THE EVOLUTION OF VENUS
Because Venus is so close in size, mass, and density to Earth, it is sometimes thought of as Earth's twin. They are also alike in that they comprise fairly similar materials and probably formed at about the same time, roughly 4.5 thousand million years ago.
Their early histories may also have proceeded along similar lines. About 3.8 thousand million years ago, towards the end of heavy bombardment by meteorites, Venus had begun to separate into layers or differentiate. Under the influence of gravity the heavier elements formed a core, while the lighter elements formed a rocky mantle and a crust. As far as we can tell the interior of Venus is like Earth's, with an iron core roughly 3000 kilometres in radius, and a lighter rocky mantle forming the bulk of the planet. The mantle of Venus may even be convecting like Earth's, whereby hot material in the mantle rises before gradually cooling and sinking to be re-heated in a grand cycle taking many millions of years. Before the Magellan mission, one of the biggest questions geologists had was whether Venus had a system of plate tectonics like Earth, with mobile sections of crust or plates jostling against each other.

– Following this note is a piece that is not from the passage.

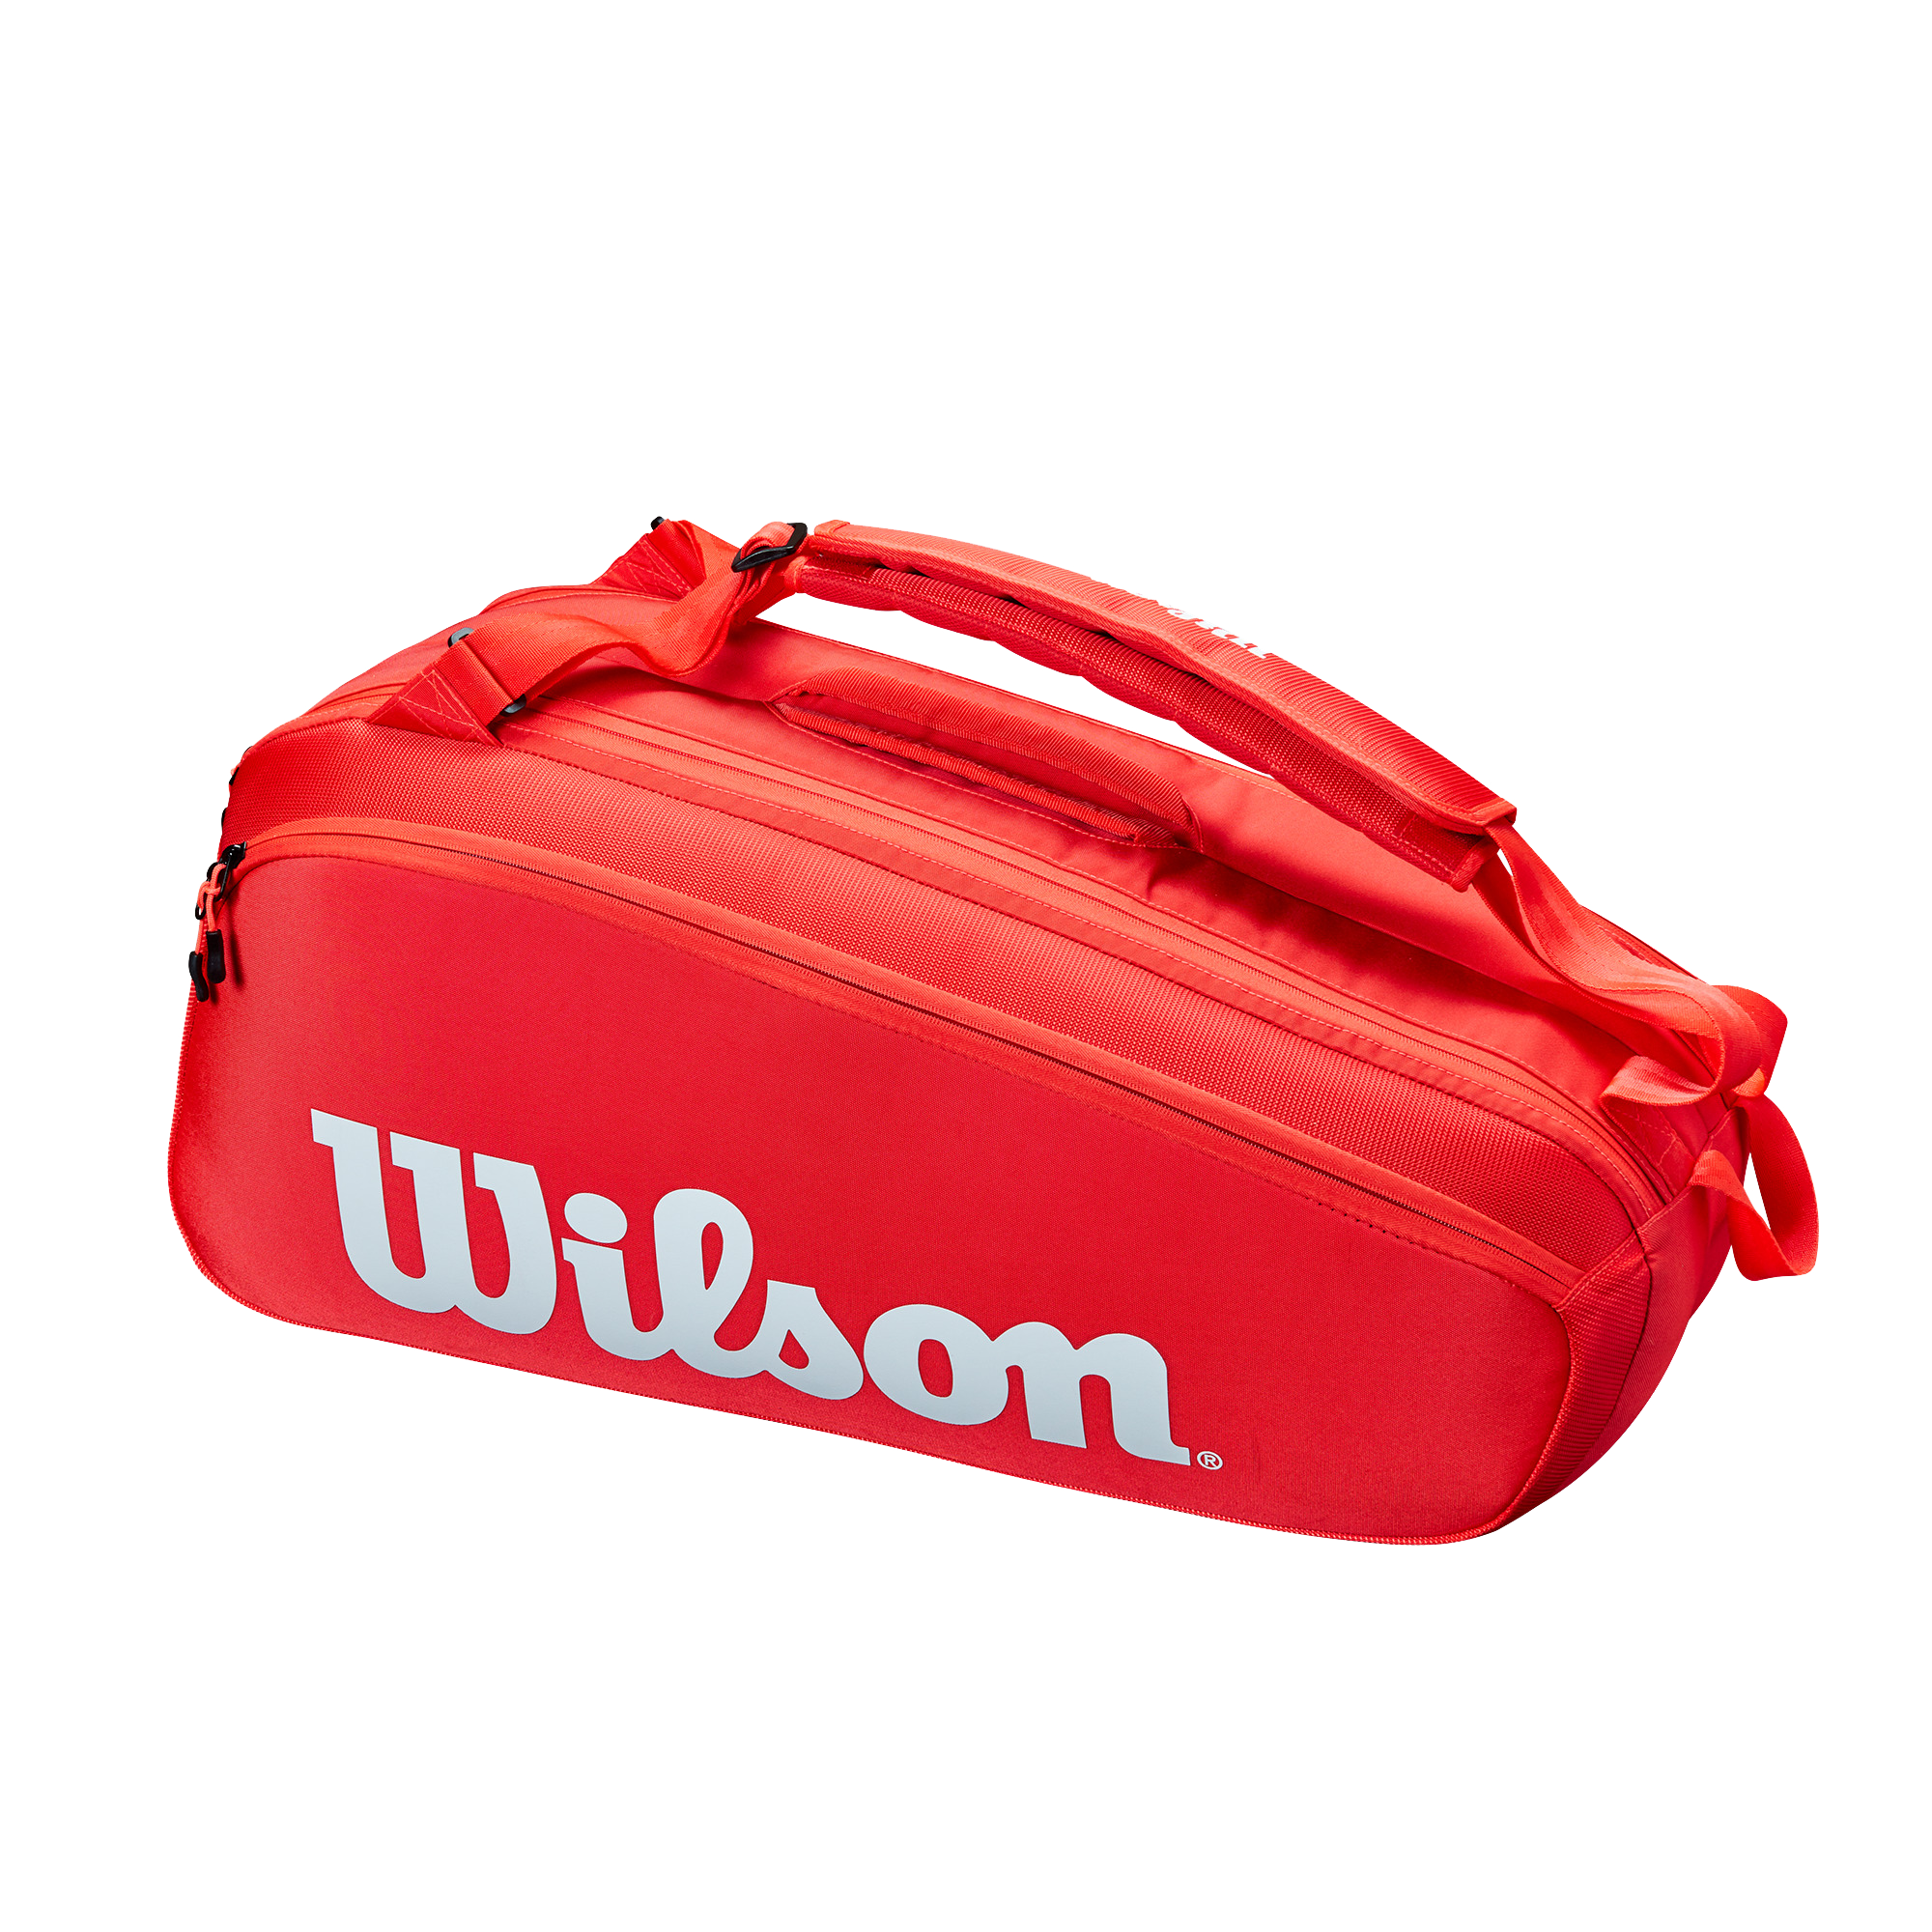 Outdoors & Sports Equipment Wilson Classic Tennis Racket Bag Accessory Storage

Venus interior.	Cross-section of Earth showing oceanic and continental crust.
On Earth, the crust is recycled. New crust is formed at mid-ocean ridges, while at the margins of the continents, old ocean crust is drawn downward and re-melted, a process which enables Earth to lose heat. Although there is evidence that convection of the mantle occurs on Venus, there appears to be no plate recycling going on. There are rifts and canyons, but nothing to indicate that they operate in the same way as Earth's mid-ocean ridges or spreading centres.
In bulk Earth and Venus are similar, but they have evolved in very different ways. The high temperatures of Venus' greenhouse atmosphere, as well as the lack of water, are likely to have played a major role in its geological evolution. The high temperatures may mean that the rocks near the surface are too buoyant to sink into the mantle and plate recycling does not take place. Instead Venus loses heat by the movement of hot material to the cooler outer layers.
A rising mass of hot material is known as a "plume", and can create volcanic rises and coronae on the surface. The features that are seen on the surface are a good indication that Venus works vertically rather than horizontally.
As Venus has relatively few craters the surface is thought to be fairly young. Scientists are therefore trying to decide how exactly Venus is renewed or 'resurfaced'. Volcanic eruptions flooded large areas with lava burying the old craters, but what is uncertain is whether these volcanic floods came in patches, here and there, or whether they all happened at the same time, in one catastrophic deluge of molten rock.
Mantle plume.
Geological history
As on the other planets an attempt has been made to provide an outline chronology or timescale of geological evolution. The names of the geological periods are taken from regions which are considered representative of a particular phase in the evolution of Venus. Although the picture emerging of Venus is that of a planet with a complex history, there are just three main geological epochs.
The Fortunian (after Fortuna Tessera) includes surfaces considered to be the oldest which we can see. Pre-Fortunian is used to refer to the early history for which there is no surviving geology. The Guineverian (after Guinevere Planitia), is typified by the formation of extensive volcanic plains, but the period would also have witnessed localised volcanism, corona formation, impact cratering, and surface deformation. More recent geological time is represented by the Aurelian Period (after the surface deposits associated with impact craters), with geological activity ongoing but more intermittently.
Some authorities break the Guineverian period down into a series of sub-units (Sigrun, Lavinia, Rusalka, and Atla). It is an ongoing debate whether the processes thought to typify these units, such as the formation of wrinkle ridges (assigned to the Rusalka group), can used to determine the age of surfaces across the whole planet.